2017年02月13日 06:00 公開

母親のトラウマ体験が、子の気質を左右?

 おなかの中の赤ちゃんは、外部からたくさんの刺激を受けて日々成長している。赤ちゃんにとって心地いい刺激を送れればいいが、それが逆に好ましくない刺激だったら・・・。母親のトラウマ体験が、子どもが産まれながらにして持っている気質のうち、否定的な感情に影響を与えることが、ハーバード大学の研究グループにより報告された。詳細は、1月20日発行の医学誌「Infancy」(電子版)に掲載されている。

出生前コルチゾールとの関連が

 母親が人生において深い心の傷となるトラウマを抱えていると、子どもの産まれつきの気質にどのような影響を及ぼすかについては、これまでほとんど研究されていなかった。

 そこで今回、研究グループは、年齢や人種など背景がさまざまな母子を対象に、母親のトラウマ経験と子どもの否定的な感情との関連や、出生前のコルチゾールの曝露による影響について調査した。
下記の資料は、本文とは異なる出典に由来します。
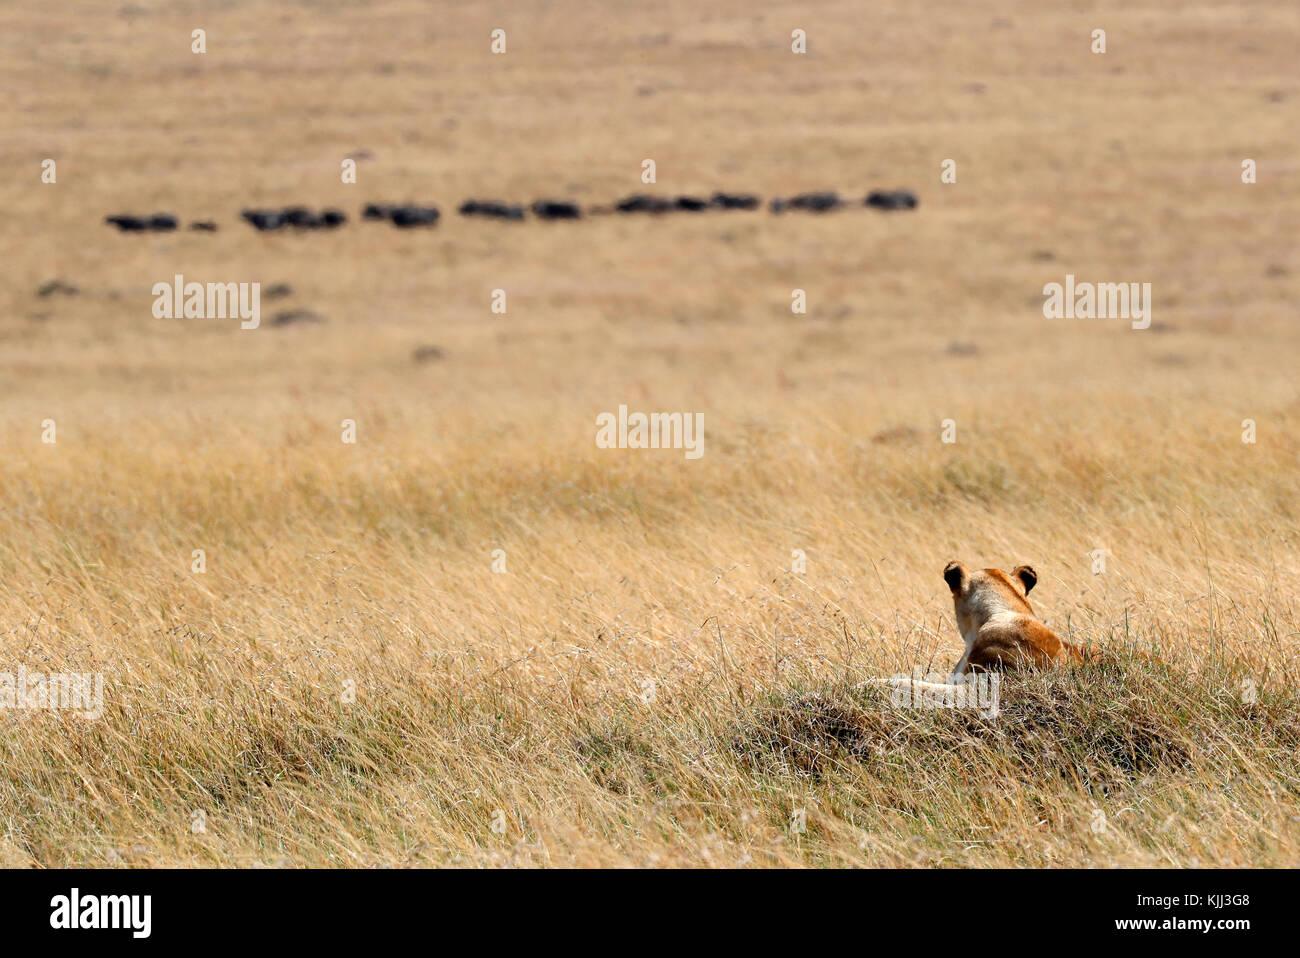 Lioness (Panthera leo) looking at buffalos herd. Masai Mara game reserve. Kenya. - Stock Image

 コルチゾールは、ストレスホルモンと呼ばれることもあり、ストレスを受けると、そのストレスに対応しようとして分泌量が増える。生命の維持に不可欠なホルモンであり、炎症を抑制する作用などもある。

 母親の人生におけるトラウマと現在抱えているストレス要因については、妊娠中に調査した。また、妊娠後期(28~40週目)に母親の毛髪を採取して、コルチゾールの分泌量を調べた。

 子どもの産まれつきの気質については、子どもが生後6カ月のときに、母親に、子どもの行動に関する質問票への記入を依頼して調べた。

 子どもの性別、母親の年齢、学歴、人種などで偏りが出ないよう調整を加えてから分析を行ったところ、母親にトラウマ体験があると、子どもの気質のうち、「何かを制限された時に現れる負の感情」と「悲しみ」が強く現れた。

 出生前のコルチゾールの曝露量の多少により、子どもの気質である「不機嫌からの回復のしやすさ」と母親のトラウマ経験との関係に影響が見られた。また、「何かを制限された時に現れる負の感情」と母親のトラウマ経験との関係は、出生前のコルチゾールの曝露量が多い子どもでやや強まった。

 こうした分析から、母親の人生におけるトラウマ経験は、妊娠中に母親がストレスを受けたかどうかとは別に、子どもの否定的な感情に影響を与えること、そして、一部の項目では、出生前のコルチゾールの曝露量によって、影響力が変わるかもしれないことが示された。

 研究グループは、「今回の研究結果は、トラウマの経験が、世代をまたぎ子どもの発達に影響することを示すものだ」としている。